Analysis of gene family expansions
Orthologous gene clusters of D. tinctorium, L. deliense and the other reference genomes described above were defined based on OrthoMCL (v. 1.4) [207]. We used CAFE (v. 3.1) [208] to infer the gene family expansion and contraction in D. tinctorium and L. deliense against other Acariformes (T. urticae and S. scabiei). The ultrametric species tree used in the CAFE analyses was created as described for gene-family phylogenetics above. We also calculated ω (dN/dS) ratios for 454 one-to-one orthologues defined by OrthoMCL using codeml in the PAML package [205] with the free-ratio model. Branches with ω >1 are considered to be under positive selection. The null model used for the branch test was the one-ratio model (nssites = 0; model = 0) where ω was the same for all branches. Kappa and omega values were automatically estimated from the data, with the clock entirely free to change among branches. The P value was determined twice using the log-likelihood difference between the two models, compared to a χ2 distribution with the difference in number of parameters between the one-ratio and free-ratio models. To estimate significance with the P value, a likelihood-ratio test was used to compare lnl values for each model and test if they were significantly different. The differences in log-likelihood values between two models were compared to a χ2 distribution with degrees of freedom equal to the difference in the number of parameters for the two models. Measurement of ds was assessed for substitution saturation, and only ds values <3.0 were maintained in the analysis for positive selection. Genes with high ω (>10) were also discarded.

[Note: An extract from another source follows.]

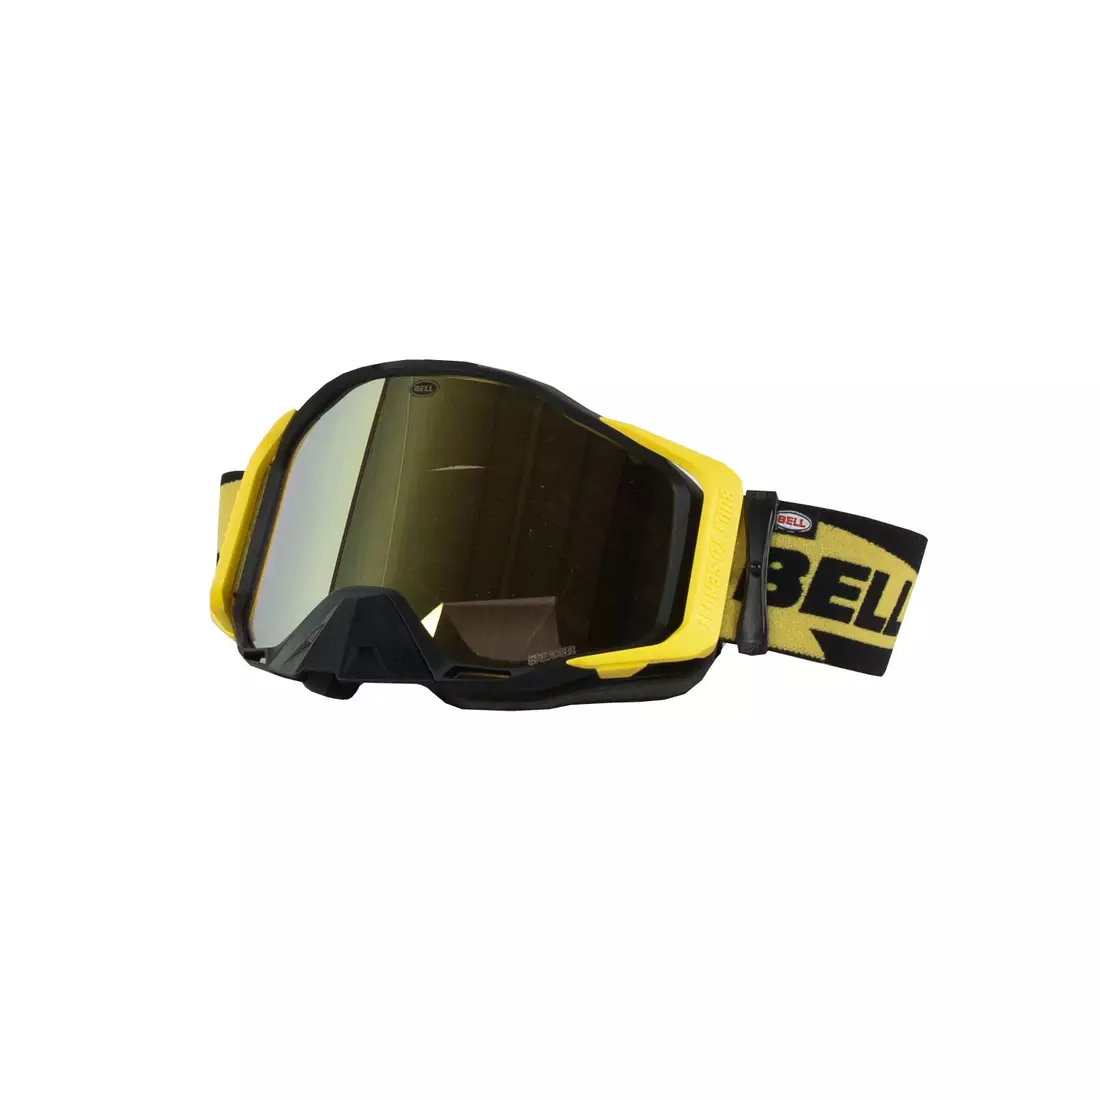 BELL kerékpáros szemüveg BREAKER Bolt Matte Black/Yellow, BEL-7122862

Analysis of candidate lateral gene transfers
We used a modification of the Crisp method [6] for examination of LGTs in the two mite genomes. Each mite protein dataset was aligned with BLASTP against two databases derived from the NCBI nr database, one consisting of metazoan proteins (excluding proteins from species in the same phylum as the studied species - Arthropoda) and the other of non-metazoan proteins. The LGT index, h, was calculated by subtracting the bit-score of the best metazoan match from that of the best non-metazoan match. The genes can be classified into class C if they gained an h index > 30 and a best non-metazoan bit-score of ≥100. For each class C gene, its average h value (horth) and that of its paralogous genes in each OrthoMCL cluster defined above was determined. If h was ≥30, the best non-metazoan bit-score was ≥100, and the horth value was ≥30, the gene was considered to be a class B gene. Class A genes were defined as a subset of class B genes with h ≥30, a best non-metazoan bit-score of ≥100, an horth value of ≥30, and a best metazoan bit-score of <100.

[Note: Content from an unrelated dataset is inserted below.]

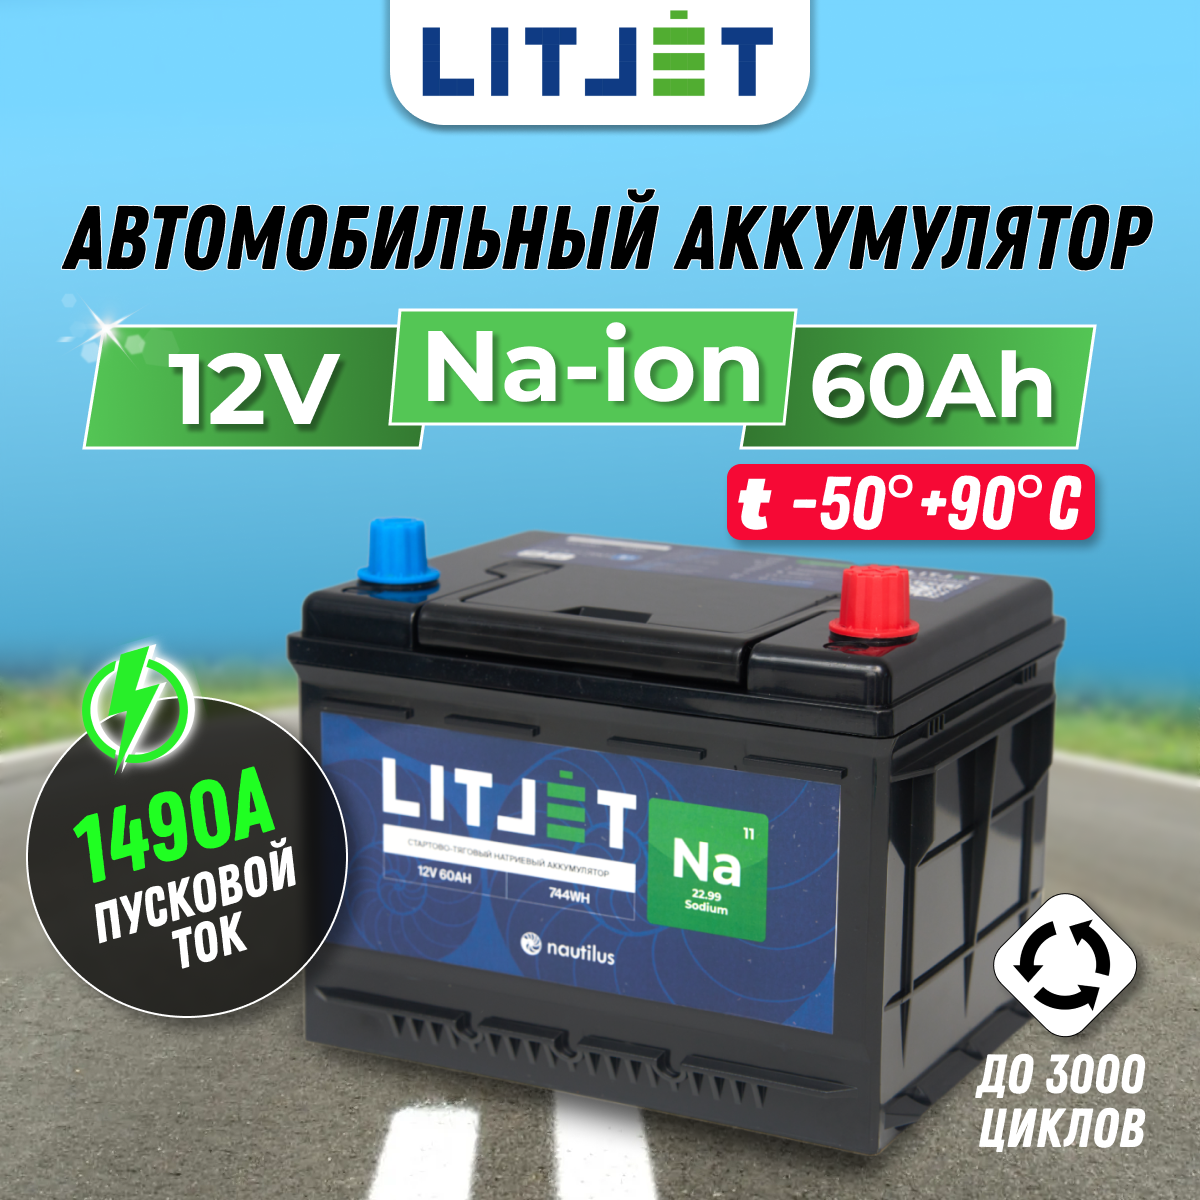 Автомобильный натрий-ионный стартово-тяговый аккумулятор LITJET 12V 60Ah 744Wh 1490CCA

Analysis of immune-related gene families
A search for mite immune-related genes was initially preformed with a BLASTP search (E-value, <1 × 10−5) against each mite protein set using immune-related genes defined by Palmer & Jiggins [85]. The identified potentially immune-related genes were then manually checked using BLASTP online at NCBI. For analysis of CTLD proteins, FASTA sequences of proteins in ORTHOMCL136, ORTHOMCL510, ORTHOMCL582, and ORTHOMCL880 were analysed by SecretomeP 2.0 [209], TMHMM 2.0 [210] and NetNGlyc 1.0 [211] using default settings to identify respective sequence features. Protein sequences were also submitted to InterPro [212] for domain structure analysis. The CTLDs extracted from individual protein sequences were then manually searched for the amino-acid motifs “EPN”, “WND” and “QPD”.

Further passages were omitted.